Up to now in my career, I have flown airplanes that I steered on the ground through pure mechanical linkages powered by my own muscles. I was using levers to physically shove the nosewheel into pointing the way I wanted to turn the airplane. The Screaming Whippet one is too big for me to kick around by myself, or they don't want to make levers that big, so it uses electrically controlled, hydraulically activated, variable authority nosewheel steering. I have to remember that description in case I'm asked about it on the ride. (Ride is pilotspeak for flight test). I also have to remember a whole lot more about how it works.
First pass, what I remember and understand from the class and the reading without looking anything more up:
Nosewheel steering is on the non-essential DC electrical bus. It must be armed and activated to be used. You arm it with a toggle switch, the location and position of which I can't picture now and it becomes activated when the squat switch indicates that you are on the ground and one of the following things happens. Either a) the right speed lever is moved into the low position or b) a button on the side of the left power lever is pressed and held. (Yes, I have both speed and power levers: resolving units, you'd think you'd get a power lever by forcing the speed lever, but that would be a geeky joke and not the reality of this airplane). Once the system is activated, you steer with the rudder pedals, just like old times.

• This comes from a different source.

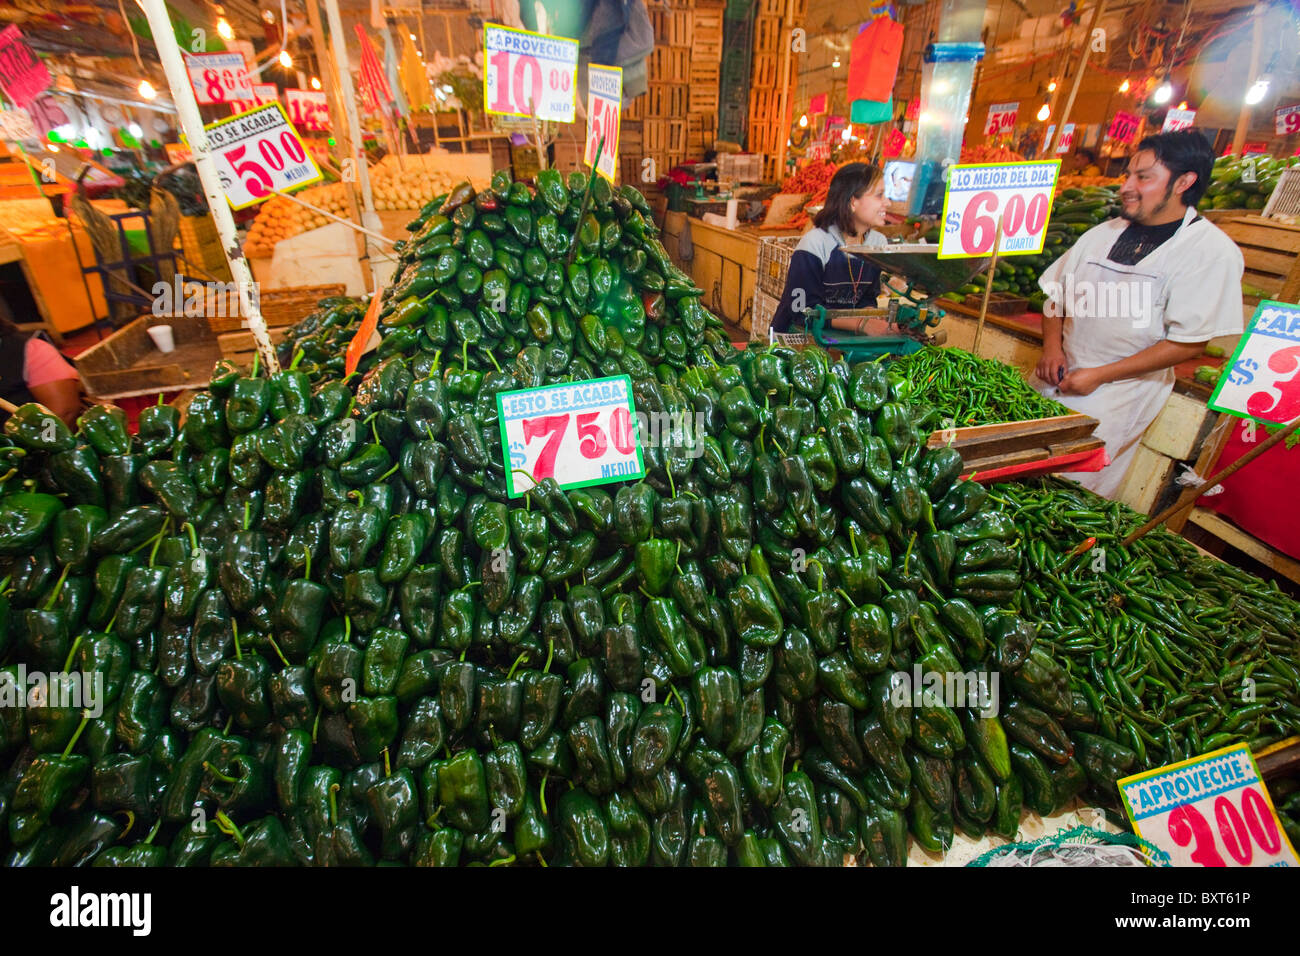 Chilis, La Merced Market in Mexico City Stock Photo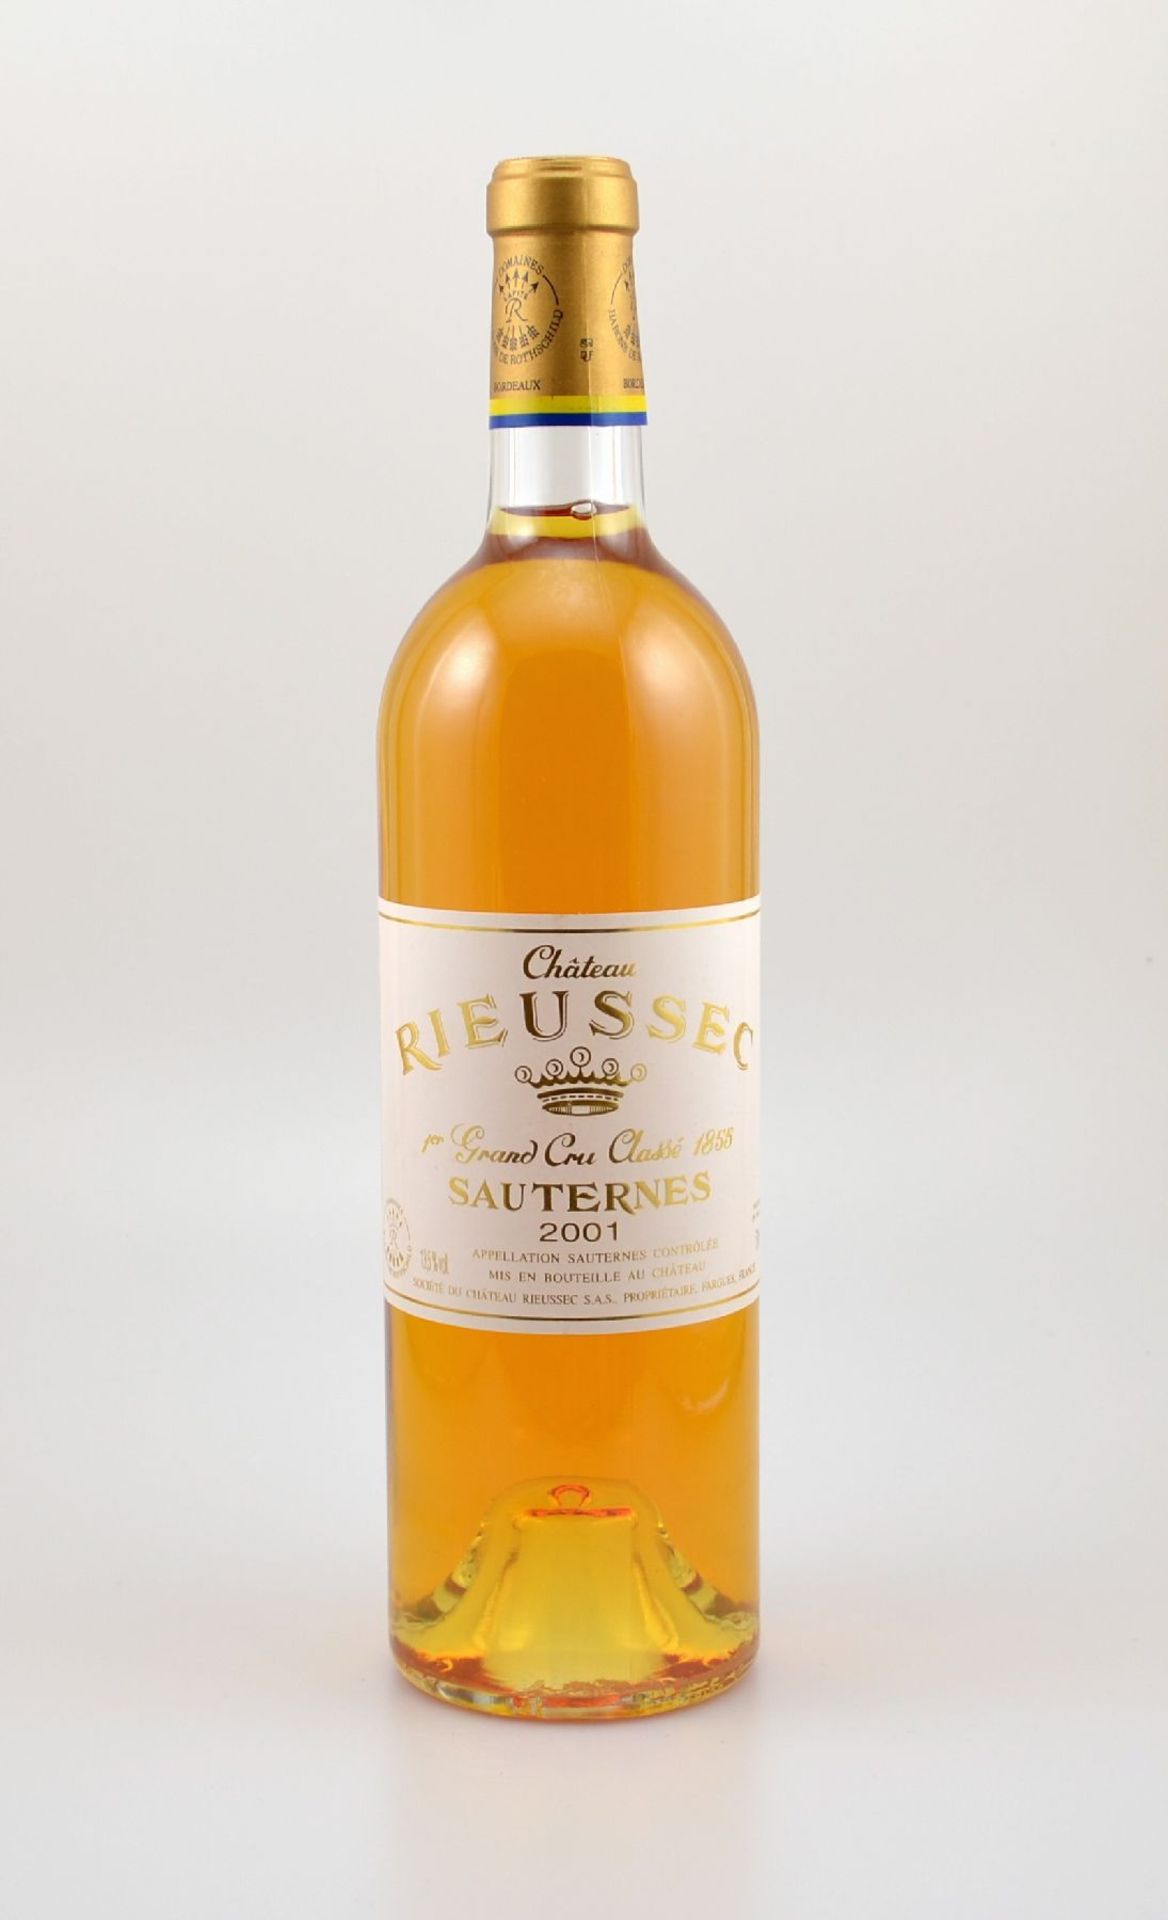 2 Flaschen 2001 Rieussec, Sauternes, 1er Grand Cru Classe, je ca. 75 cl, 13,5 % Vol., Füllstände: je

Moving a rudder pedal sends a signal to a potentiometer. There's a pile of potentiometers, I think it was four. One of them represents the input you gave to the rudder pedal, one the position of the nosewheel, one the target position and one for good luck. So maybe it was three. The difference between the target and the position is sent to a selector valve which shuttles the appropriate way to send hydraulic fluid to a piston operating rack and pinion steering to pivot the nose gear in the appropriate direction. The channels in the shuttle valve go straight through for left turns and criss-cross to reverse the pressure for right turns. When the commanded steering meets the actual steering, the system holds that input until a new input is received or the system is disarmed. In the later case it smoothly recentres. The maximum steering in this mode is ten degrees either side of centre, but you can get up to sixty-three degrees deflection in park mode, by pressing and holding the park button. This is for manoeuvring into a tight parking spot. I really hope I don't often have to parallel park this airplane.
There's an annunciator for the system being armed, an annunciator for it activated and a flashing one if it fails. Because it's an electrical system, there is a chance of transient weirdness, and transient weirdness is not something you want to see in large vehicle steering If there's a three degree disagreement between two of the potentiometers, representing some form of where it's requested to be and where it thinks it is going, the system disconnects. You can still steer with braking and power.
Now let me see if by re-reading the chapter I can fix that up, and add things I forgot.
There is a command potentiometer (my "input you gave the rudder pedal") on the left side of the rudder pedal linkage, and a fault protection monitor potentiometer (my "target position") on the right side. There are two more potentiometers on top of the steering actuator, a control follow-up potentiometer (my "position of the nosewheel") and another one for the fault protection monitor circuit. So I was right, there are four, and if monitoring faults is good luck, I got them all right. Well, let's see.
There is a "Nose Steer Computer/Amplifier" which "contains Servo Valve Solenoid drive circuitry to initiate steering based on Rudder Pedal Potentiometer and Nose Gear Follow-up Potentiometer Position." (Why yes, this training manual is apparently so old that it predates the late eighteenth century English move to distance itself from its Germanic roots and not capitalize all nouns).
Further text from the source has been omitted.